If Michael Shields was keeping tabs on Colm Cooper his fellow Cork defenders were struggling, namely Kissane and Canty on the two O’Sullivans in the forward line.

He scored one of Kerry’s unanswered four opening scores and left Kissane trailing in the 15th minute to hit the roof of the net after a trademark burst following a Kieran O’Leary lay-off.

He could have had a second a minute later when Donaghy supplied him but Alan Quirke was alert enough to push it out for a 45. Three Cork scores on the trot made it 1-5 to 0-5 but Kerry finished the half tremendously, Declan O’Sullivan kicking three of five points, although he and O’Leary and Bryan Sheehan, the other two point-finishers, could thank the pressure put on the likes of Kissane and Aidan Walsh in kicking Cork possession away.

Such was Kerry’s dominance, they had eight wides in the first half. All but an irrelevance now because of a not-so accurate strike at goal. July garlands to Kerry, then. But you get the feeling this is far from over.

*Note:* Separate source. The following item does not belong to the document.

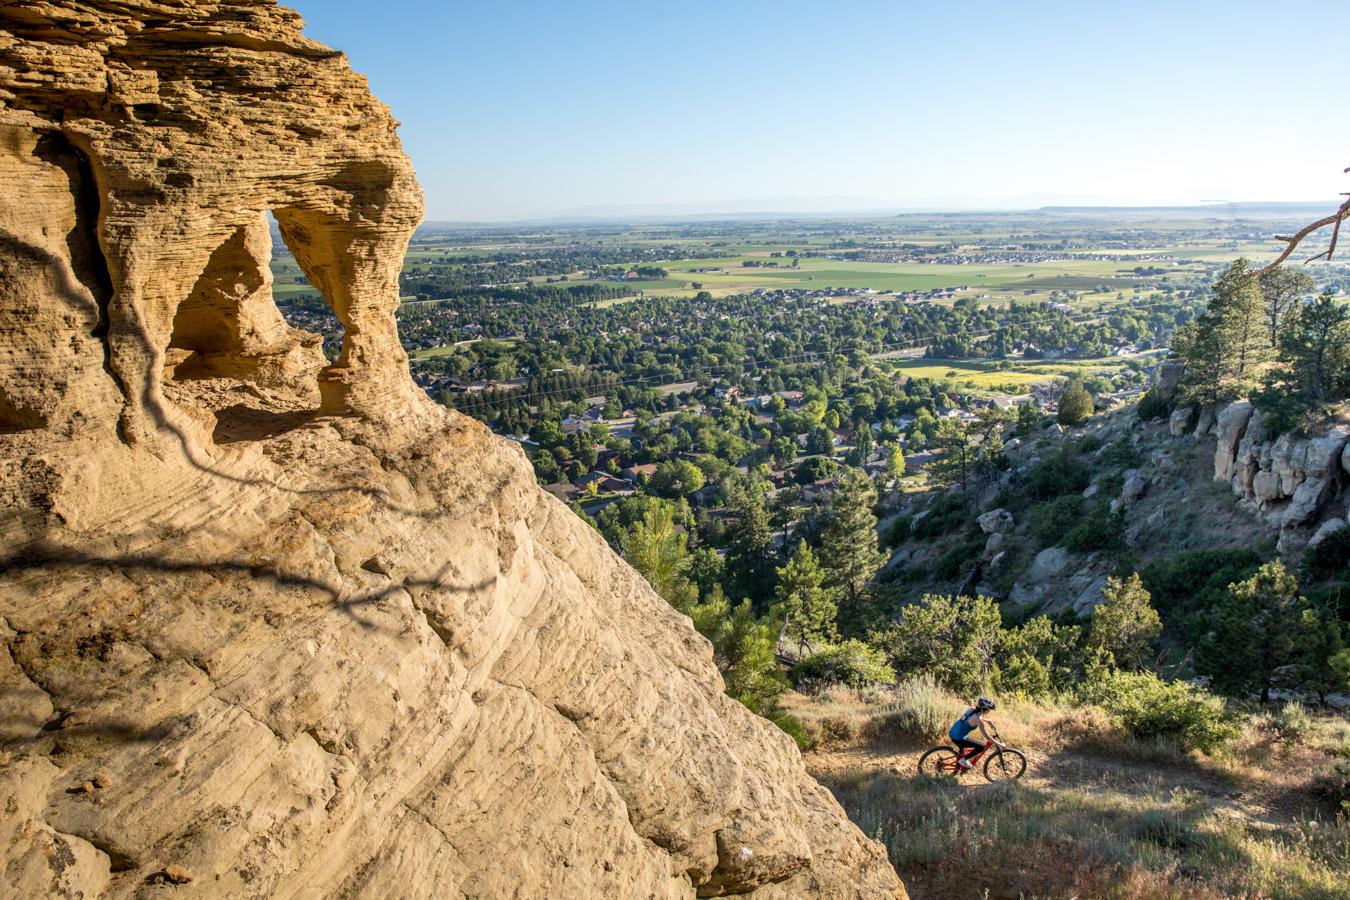 Mountain Biking on Billings Rims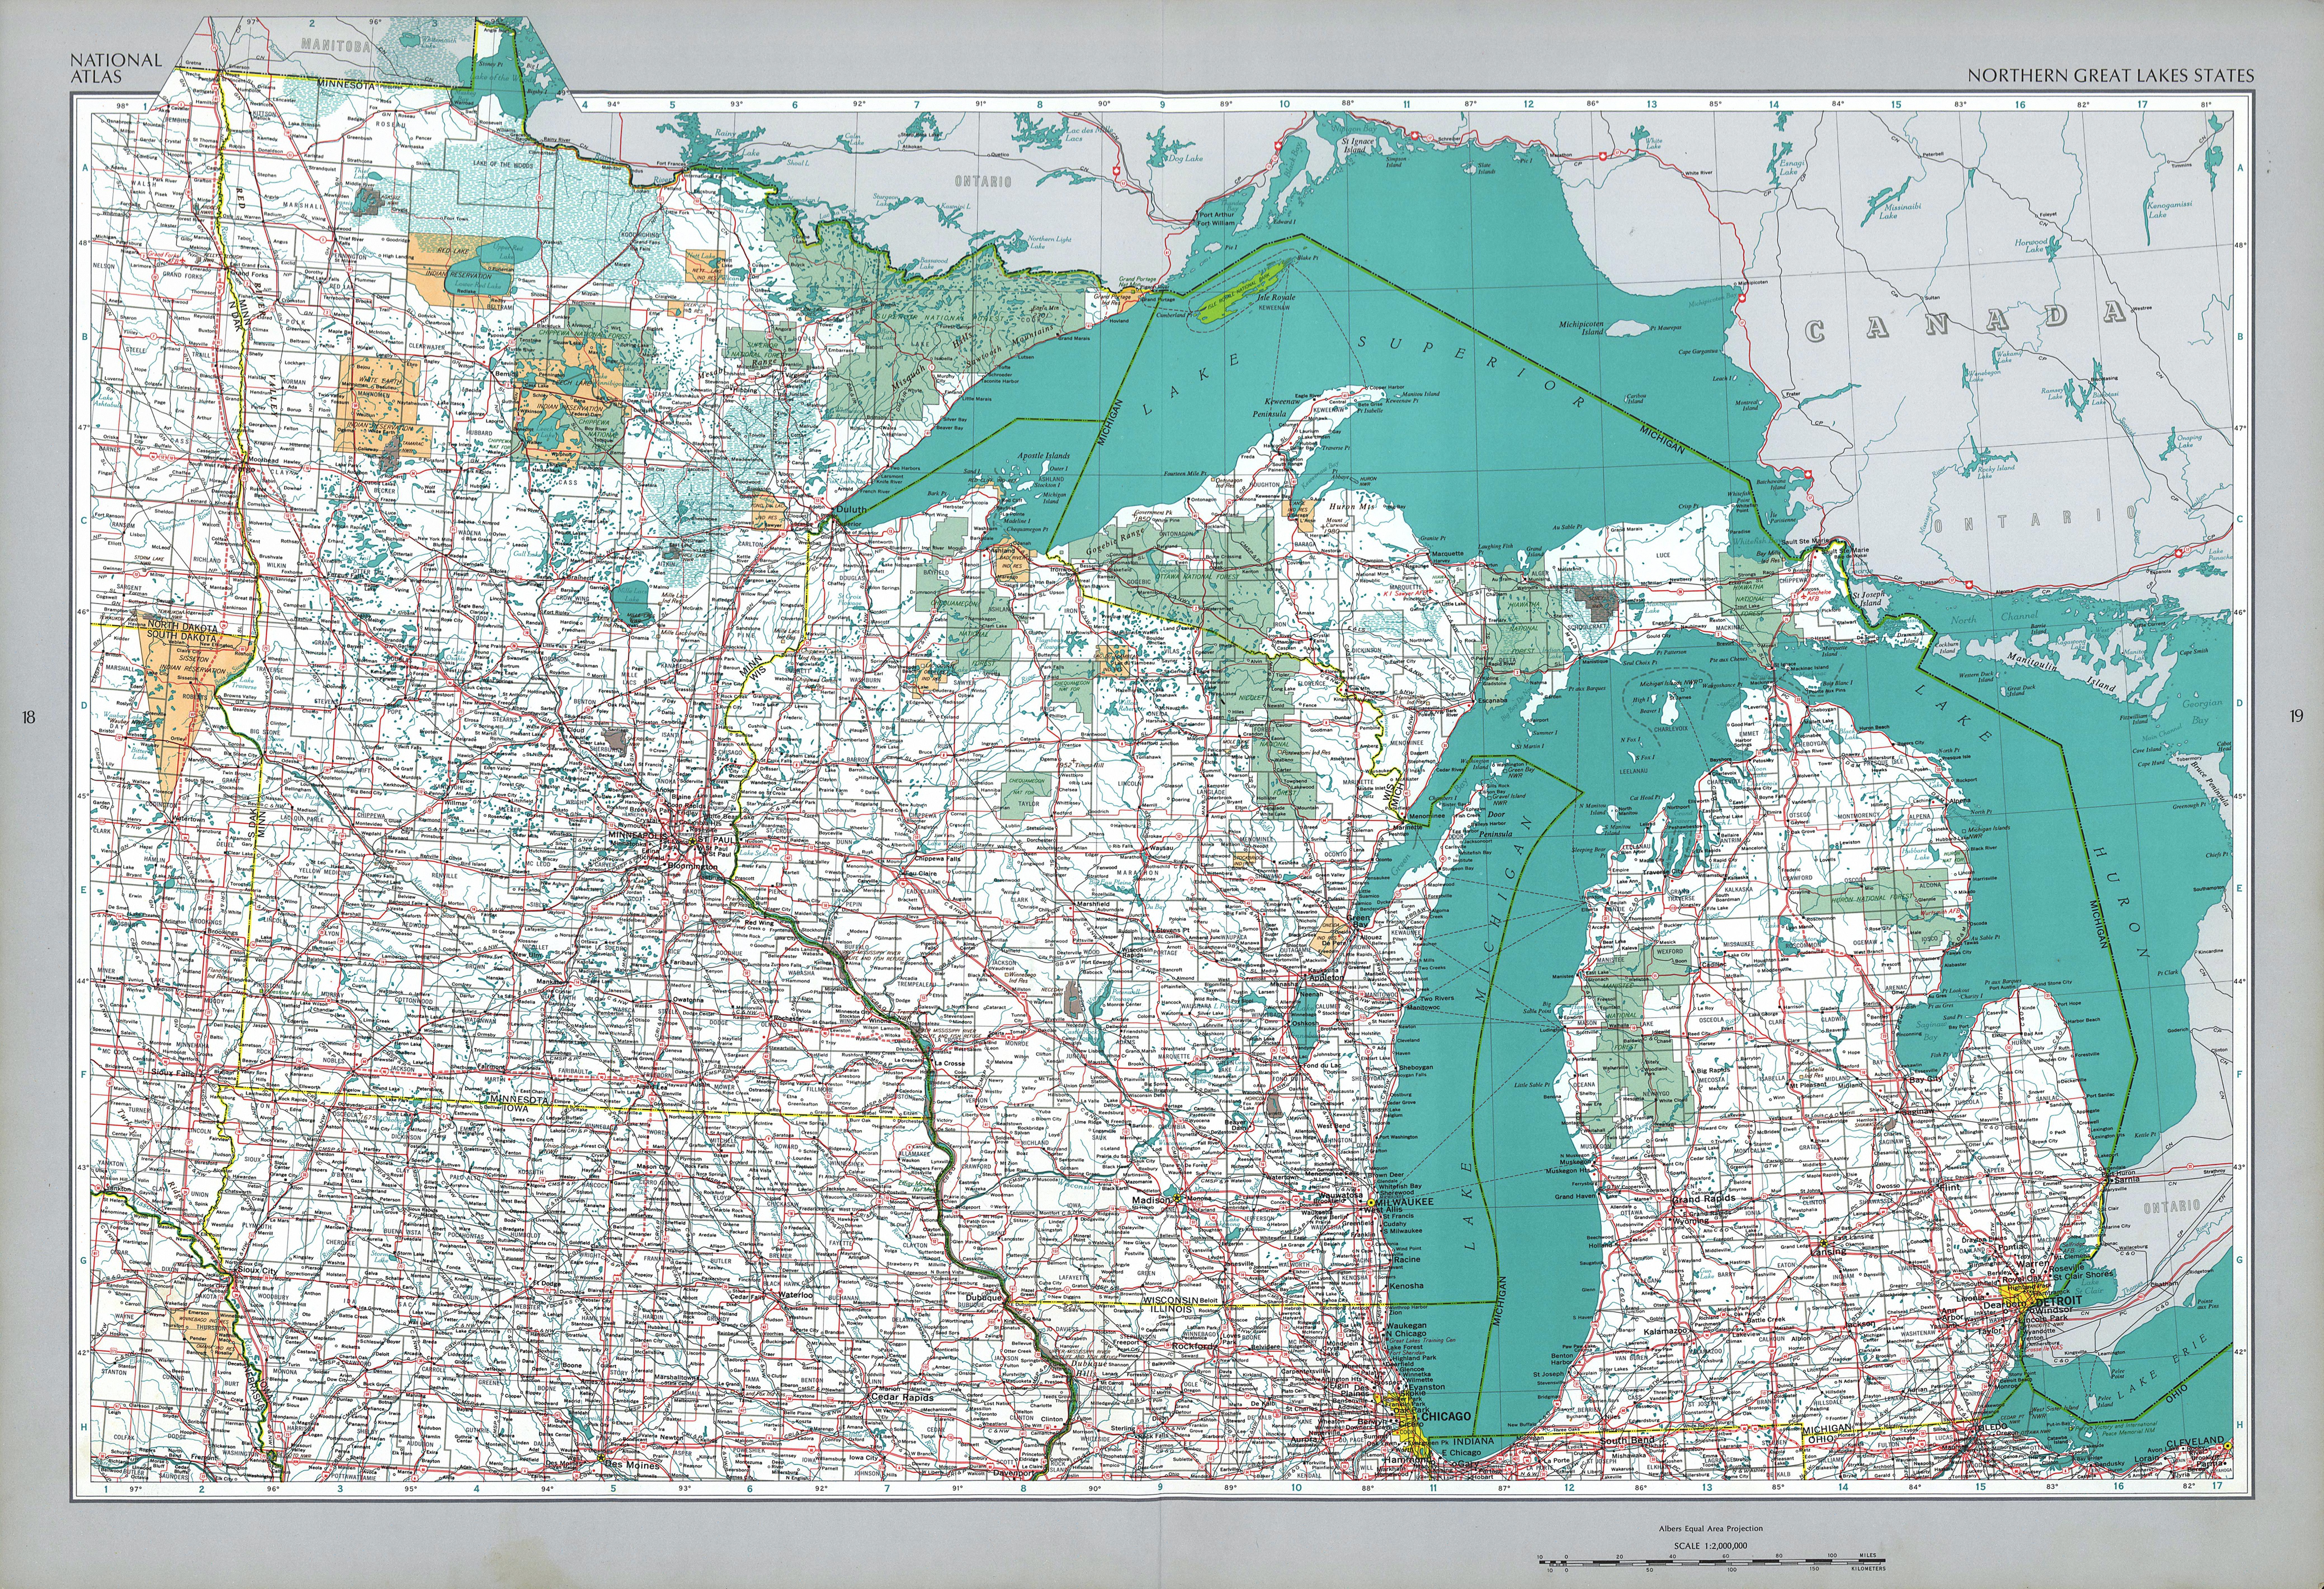 Mapa de los Estados Norteños de la Región de los Grandes Lagos, Estados Unidos

Scorers for Kerry: Declan O’Sullivan 0-5; Darran O’Sullivan 1-0; C Cooper (1f), K Donaghy, B Sheehan 0-2 each; K O’Leary, D Walsh, E Brosnan, J O’Donoghue 0-1 each.

Scorers for Cork: D Goulding 0-5 (3f); D O’Connor 1-1 (1-0 pen); P Kerrigan 0-3; P Kelly, C Sheehan, A O’Connor 0-1 each.

Subs for Kerry: B J Keane for O’Leary (53); M Quirke for Sheehan (57); D Bohan for Enright (63); J O’Donoghue for Darran O’Sullivan (67).

Subs for Cork: E Cotter for J O’Sullivan (ht); F Goold for Sheehan (41); E Cadogan for Kissane (49); D O’Sullivan for Miskella (70); F Lynch for Kerrigan (71).